After some mid-January spring-like weather, winter has returned with snow in the forecast for the next several days.  The alarm was set for early this morning to head into work to finish the cleaning for the day and take care of any potential snowfall.  While there had been some light snow flurries overnight, the snow did not accumulate so my morning work was all inside.  As I cleaned the building to get ready for Sunday services, I prayed for each aspect of the morning gatherings and for those who would respond to God’s call to gather together.  

After the building was cleaned and the trash taken out, it was time for the morning Bible School class where we are studying the book of Colossians.  While not a lengthy letter, Paul packs a lot of content into it as he expresses his thankfulness for them and warns them of attitudes and practices that would get in the way of living a life of faithfulness to God.  As the foundation for all of their belief and action, Paul weaves throughout the letter many clear reminders of both the supremacy and deity of Jesus.  If our desire is to fully follow Christ, it is imperative that we know Him as our complete authority — and as God.  

After the Bible class, I stopped by my office and a deer was standing at the window.  I had not brought a camera with me, so I pulled out my cell phone and shot a quick photo before he decided to move on.  It wasn’t long before two more walked past my office but they didn’t stay around long as it appeared they noticed the activity in the other rooms along that side of the building.

After the Bible study hour, we had a great worship gathering as we sang praises to God, shared in communion, and received a message from God’s Word.  CJ Powell brought the message this morning from Luke 5 as we looked at the call of the first disciples to become “fishers of men”.  While it appears that Simon, James, and John were fishermen by trade, I always find it fascinating that they never seem to have much luck catching fish until Jesus shows up and gives them instructions on how and where to fish.  So, I’m not sure if those Galilean fishermen would have been considered average or advanced, but either way Jesus made them able to not only catch fish, but to catch people for His kingdom.  I suppose that when it comes to making disciples, most of us would consider ourselves average at best but a few may think of themselves as advanced.  The good news is that God can, and desires to, make us able to be “fishers of men”.  While disciple-making does require our involvement, the transformation of those being discipled is the work of God’s Spirit through us and in them.  Average or advanced, we are able because we have a God who is able.
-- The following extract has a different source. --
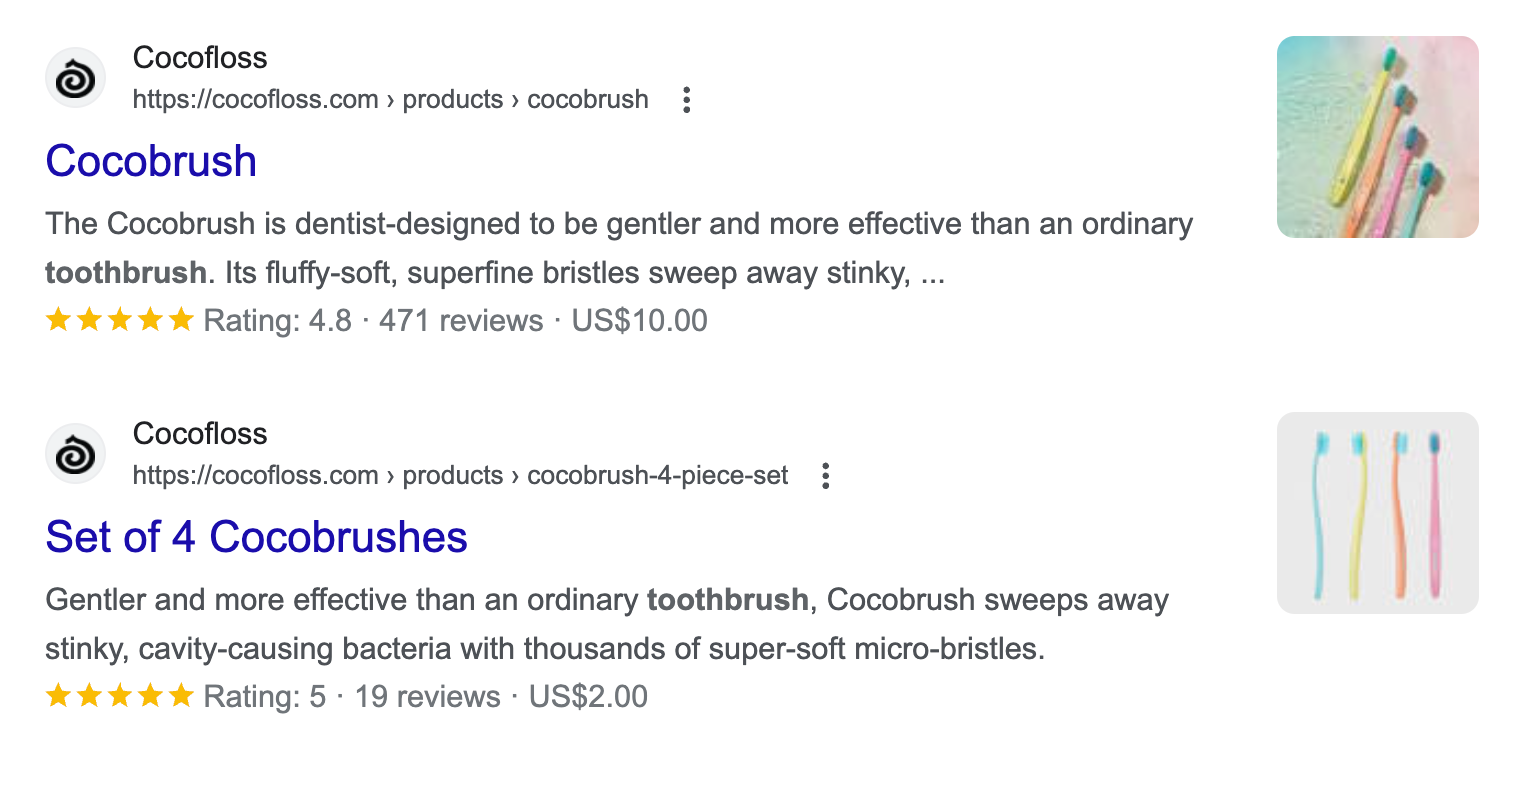 Two Google SERPs from brand Cocofloss

As I reflect on the day, here are some thoughts/lessons that stand out to me:

  • Anger is contagious but prayer has a way of dissolving the anger of others that has crept into your life.
  • Peace can have a contagious element to it as well, but it seems it takes more effort on our part as a peacemaker before it spreads to others.
  • The encouragement and warnings that Paul wrote to the Colossians were not just for them — they are for us as well.
  • Instead of “yelling” at each other about our political and social positions, God wants us to pray for and love one another.
  • Our view of how average or advanced we are doesn’t make that much difference when we look to God to make us able to do what He has called us to do.